DATASET SECTION ▸
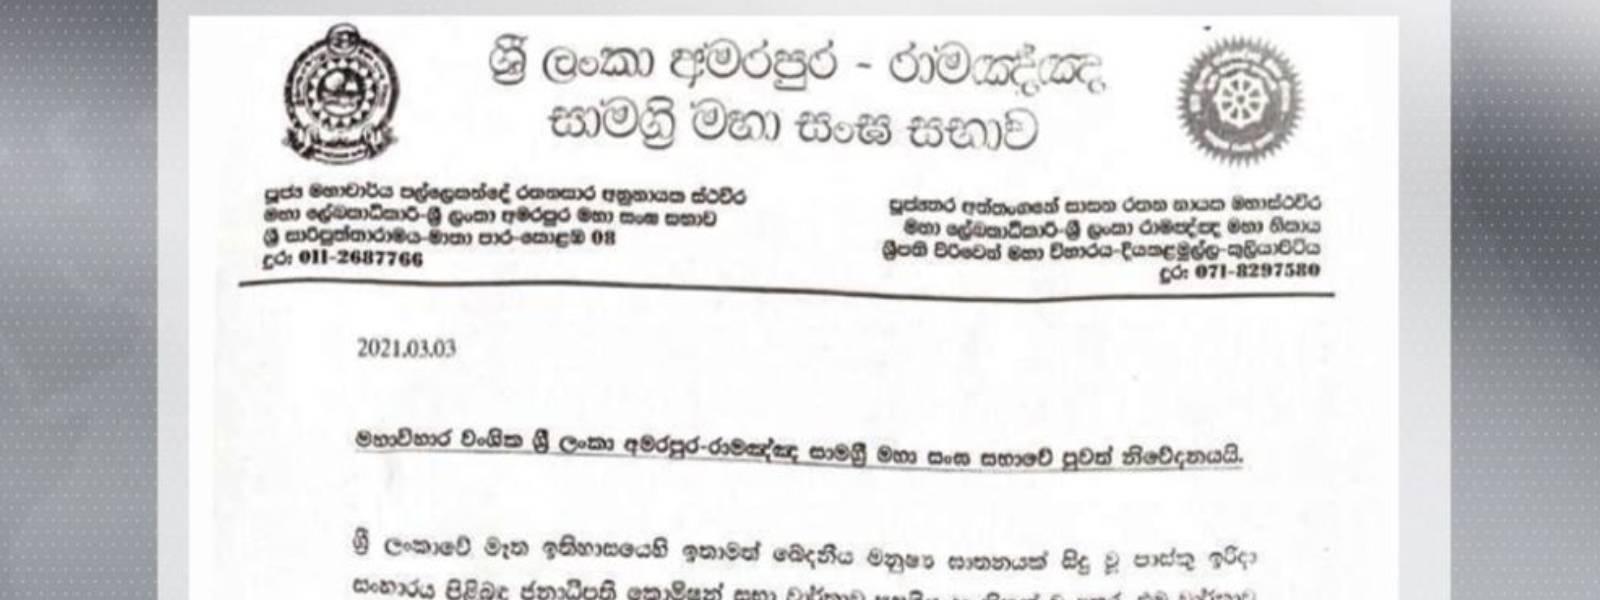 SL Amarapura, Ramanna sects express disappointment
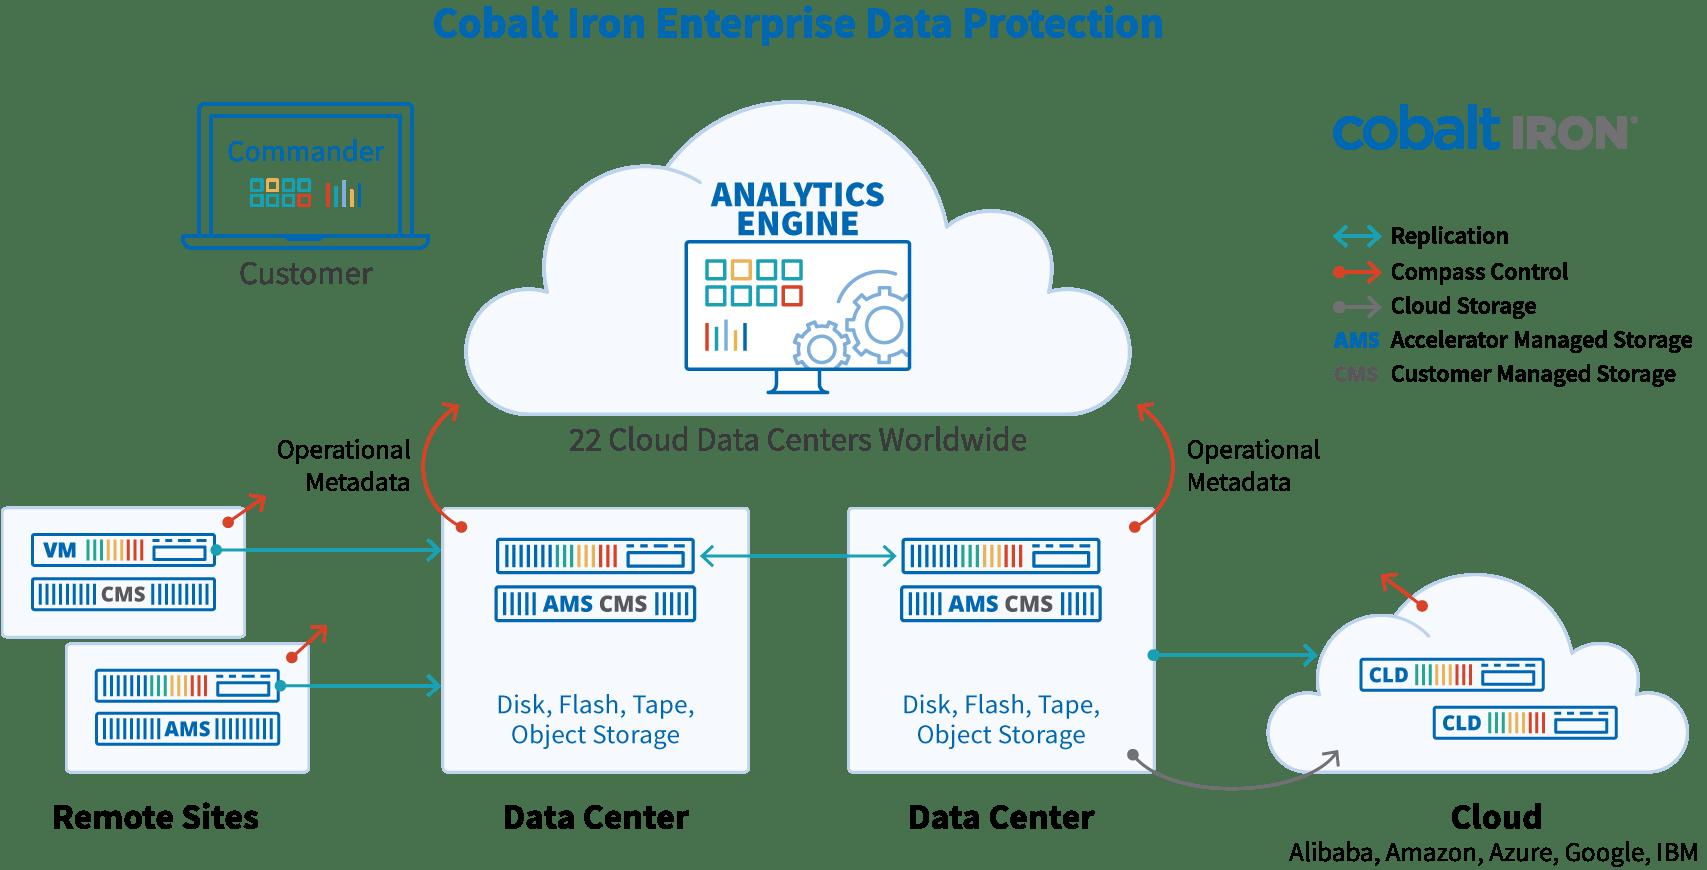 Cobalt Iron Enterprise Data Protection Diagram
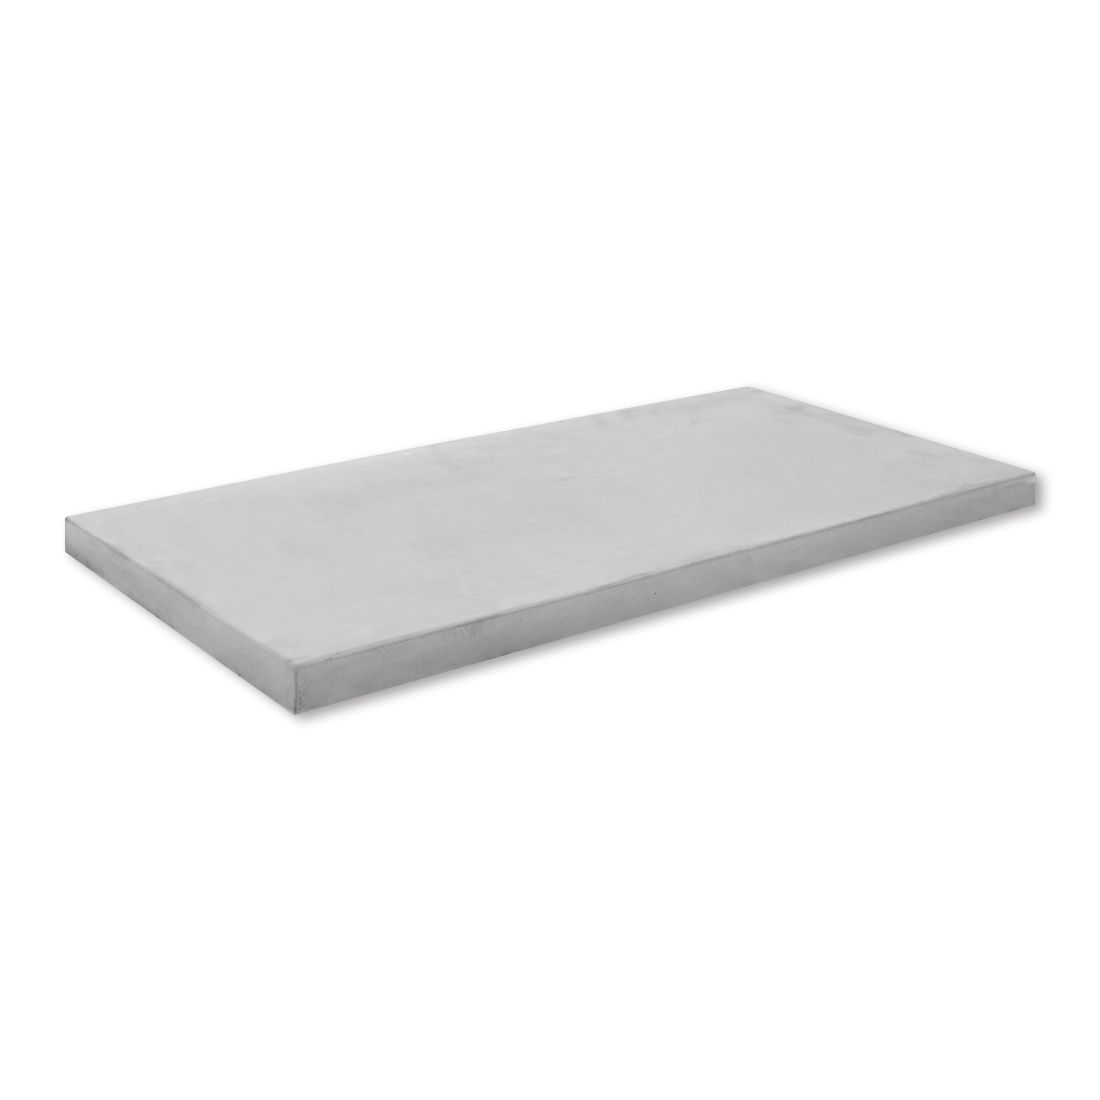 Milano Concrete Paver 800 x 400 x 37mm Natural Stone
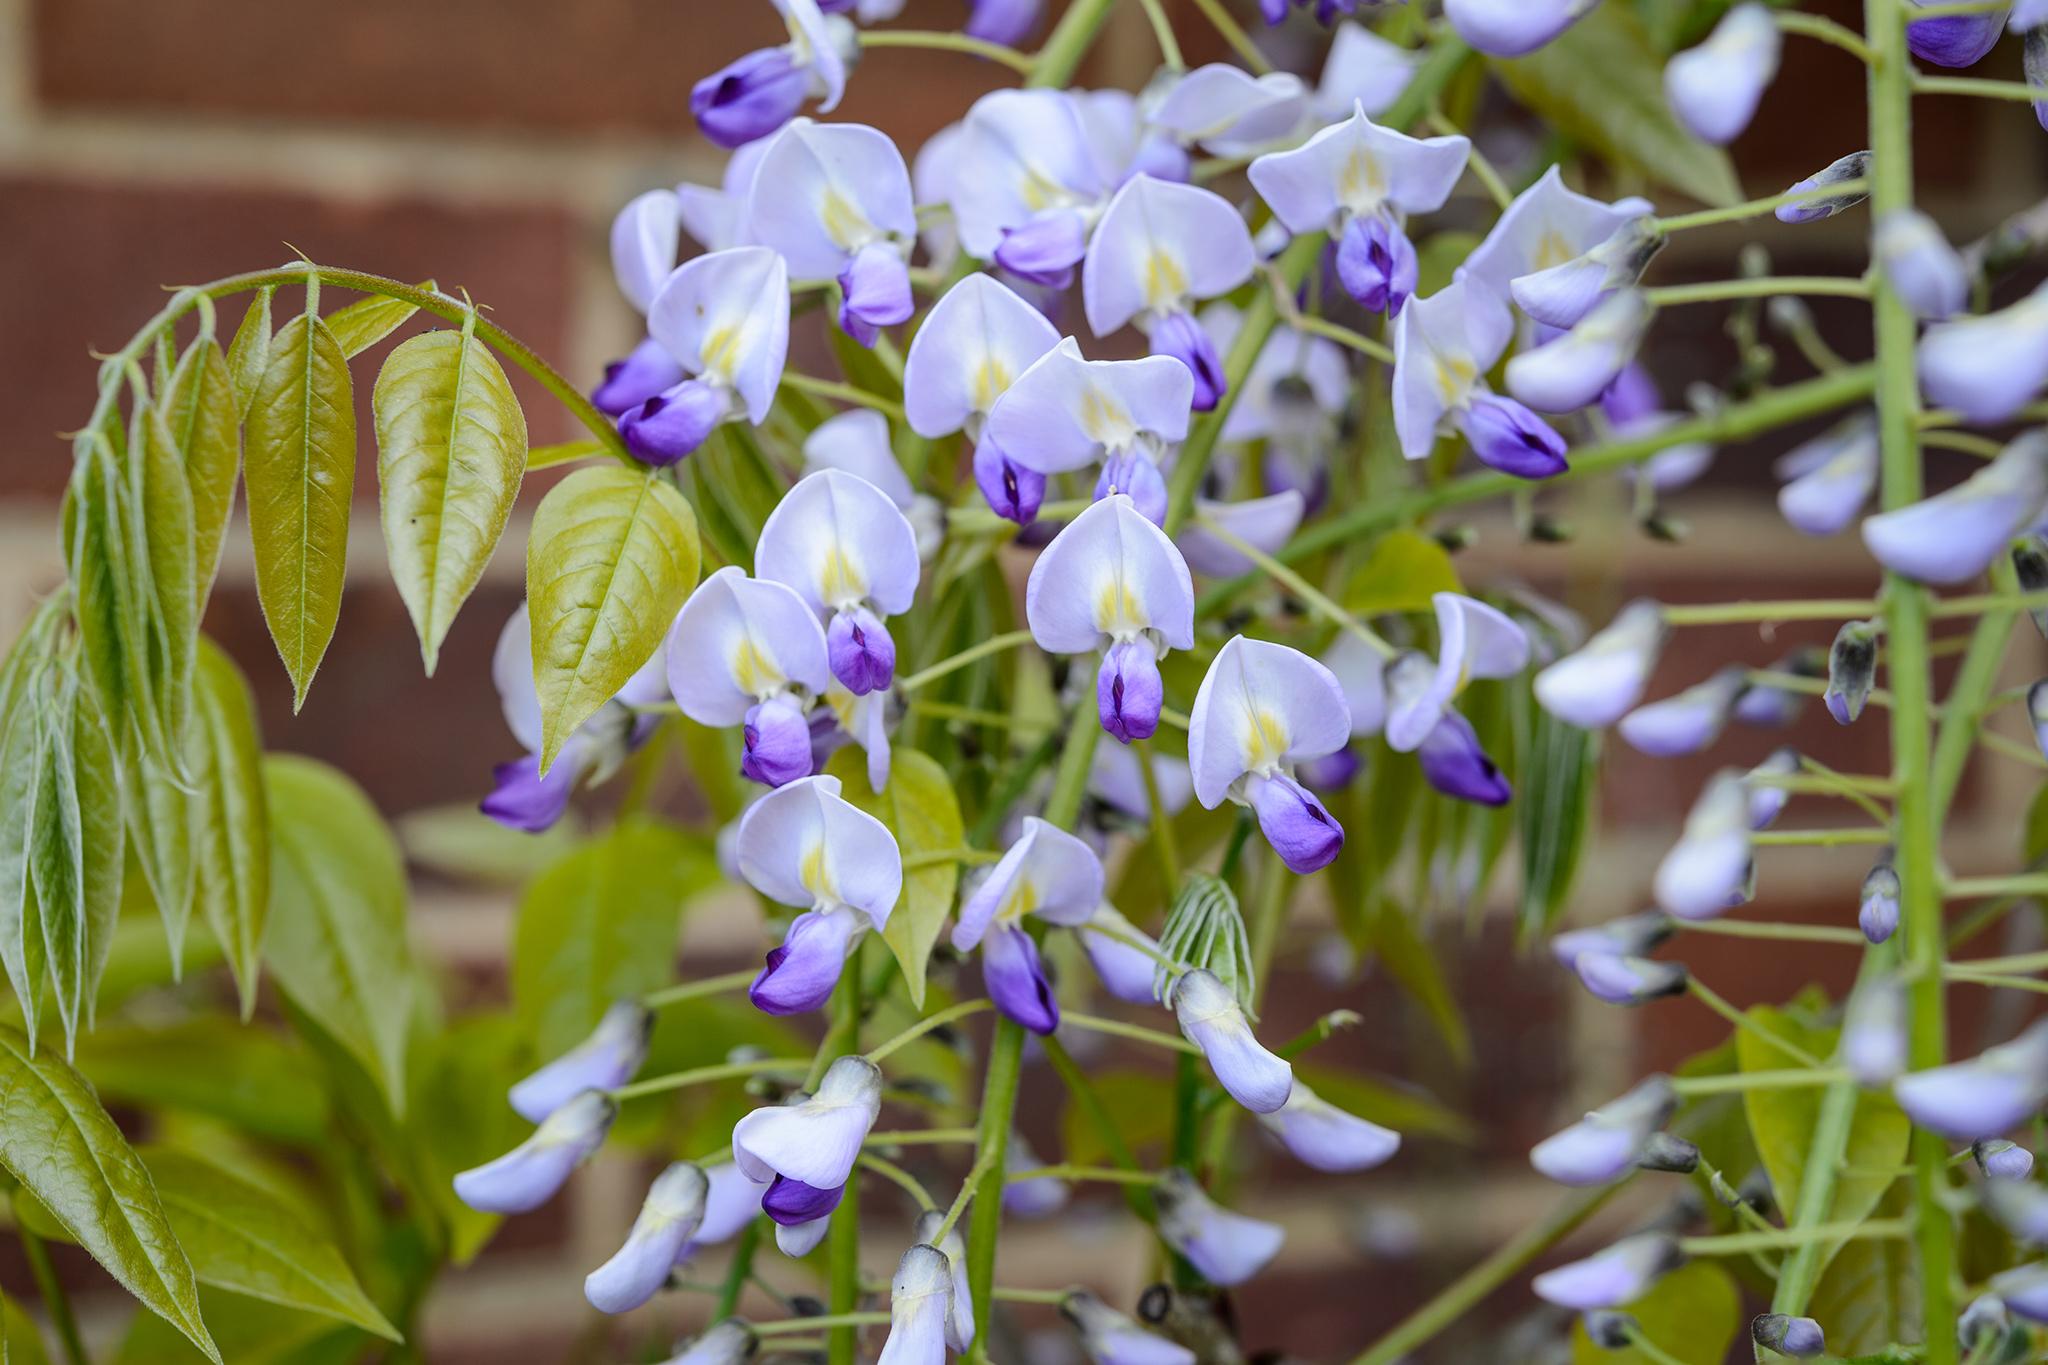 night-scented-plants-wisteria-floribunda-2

WHAT YOU WILL DO ▸ Full transcription of the material, exact in every line, without images.

FINISHED TASK ▸
 SL Amarapura, Ramanna sects express disappointment
 Cobalt Iron Enterprise Data Protection Diagram
 Milano Concrete Paver 800 x 400 x 37mm Natural Stone
 night-scented-plants-wisteria-floribunda-2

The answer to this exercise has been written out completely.